Task instructions » The records below hold a stretch from the line with "Gear Aid Revivex" through the line with "Black Leather Hobo"; return exactly those lines, ends included, and nothing more.

------ Excerpted records

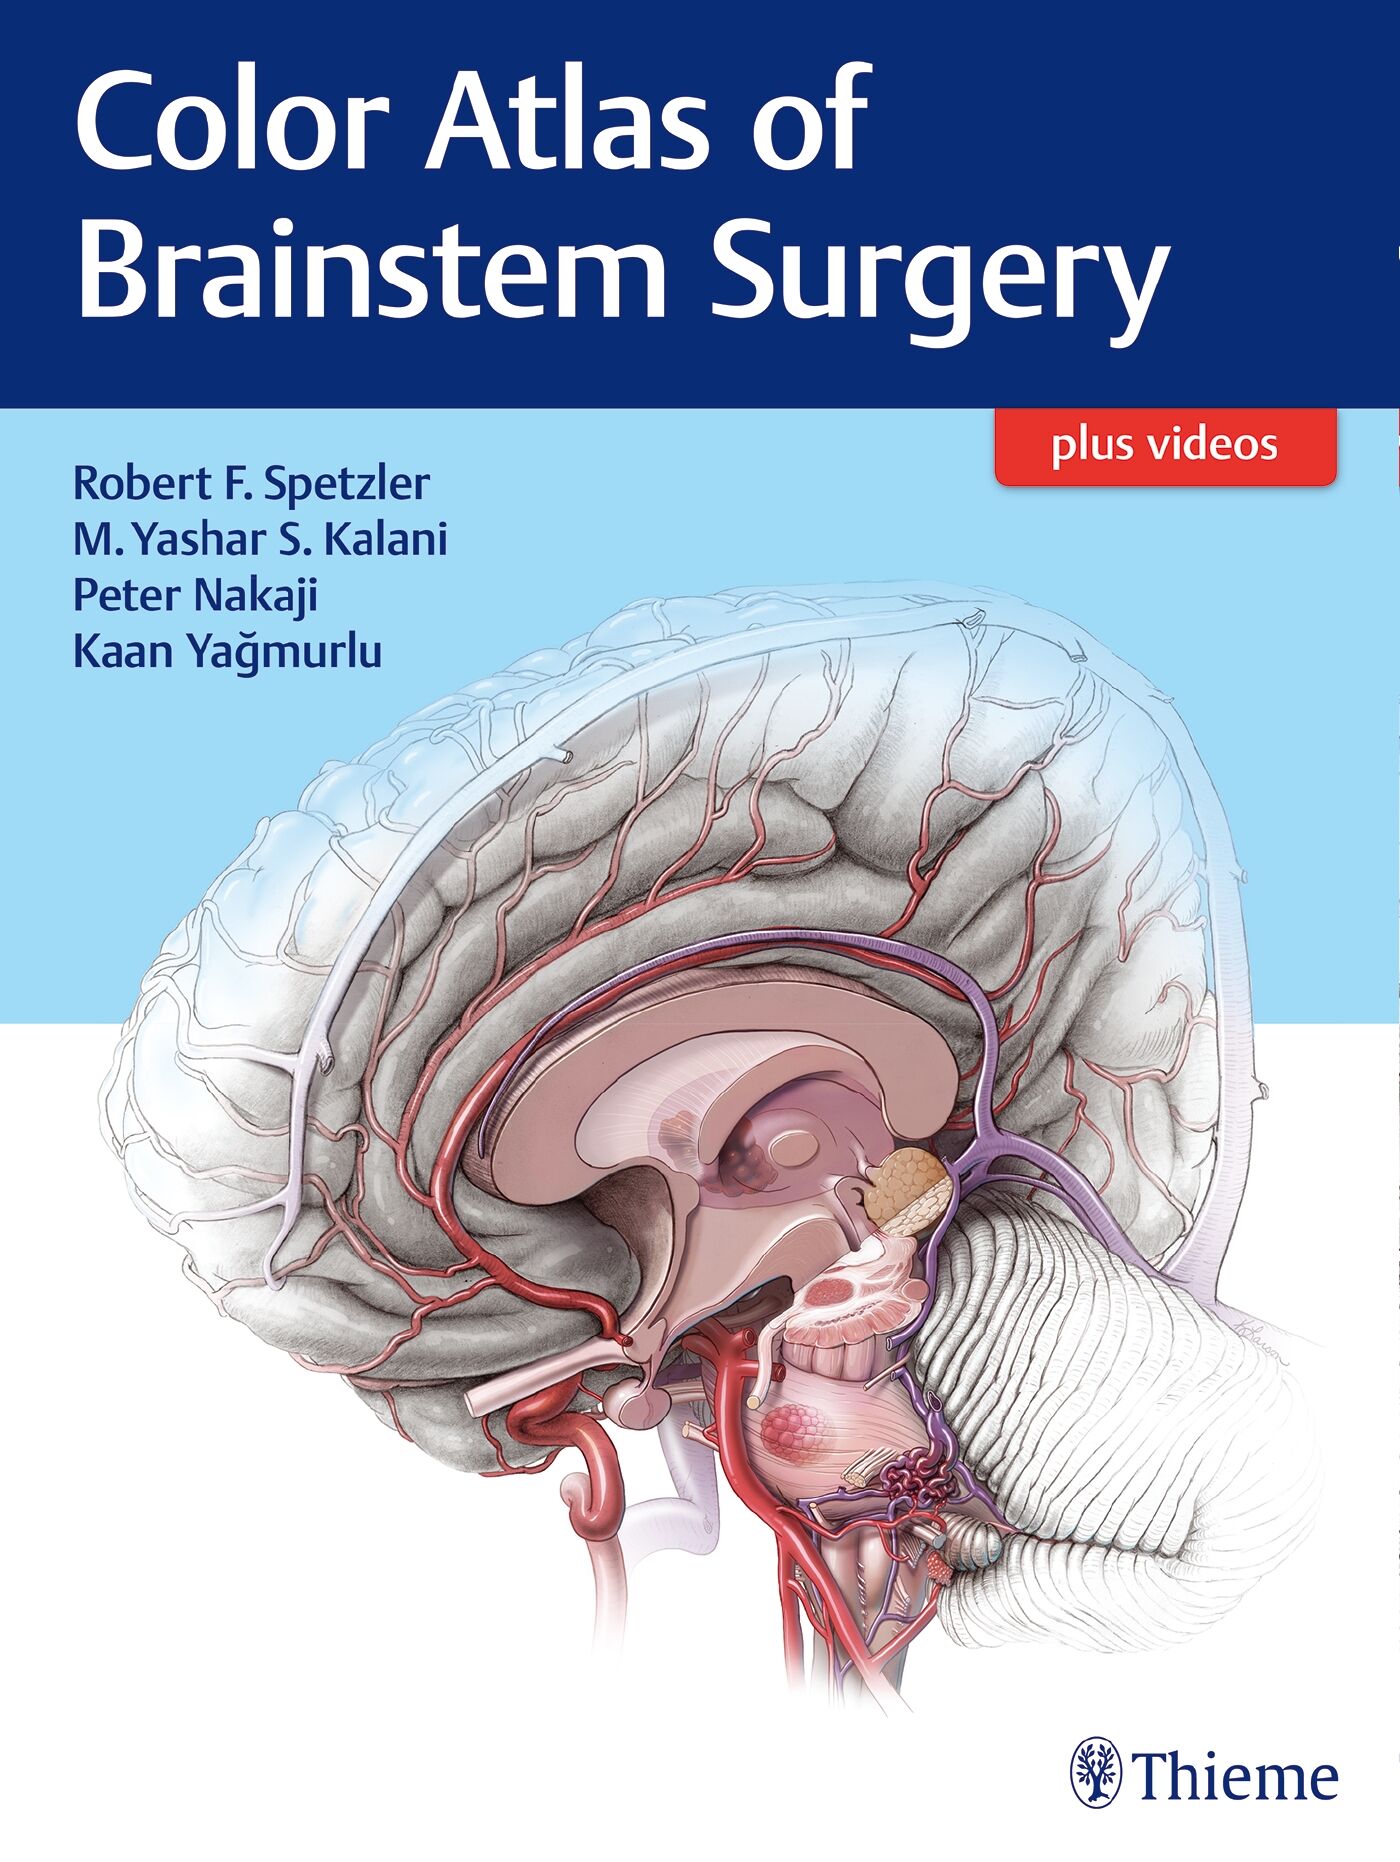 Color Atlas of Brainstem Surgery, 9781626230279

------------
------ Excerpted records

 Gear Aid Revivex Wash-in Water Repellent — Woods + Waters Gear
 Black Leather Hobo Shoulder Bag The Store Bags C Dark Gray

------------

Answer to the problem »
 Gear Aid Revivex Wash-in Water Repellent — Woods + Waters Gear
 Black Leather Hobo Shoulder Bag The Store Bags C Dark Gray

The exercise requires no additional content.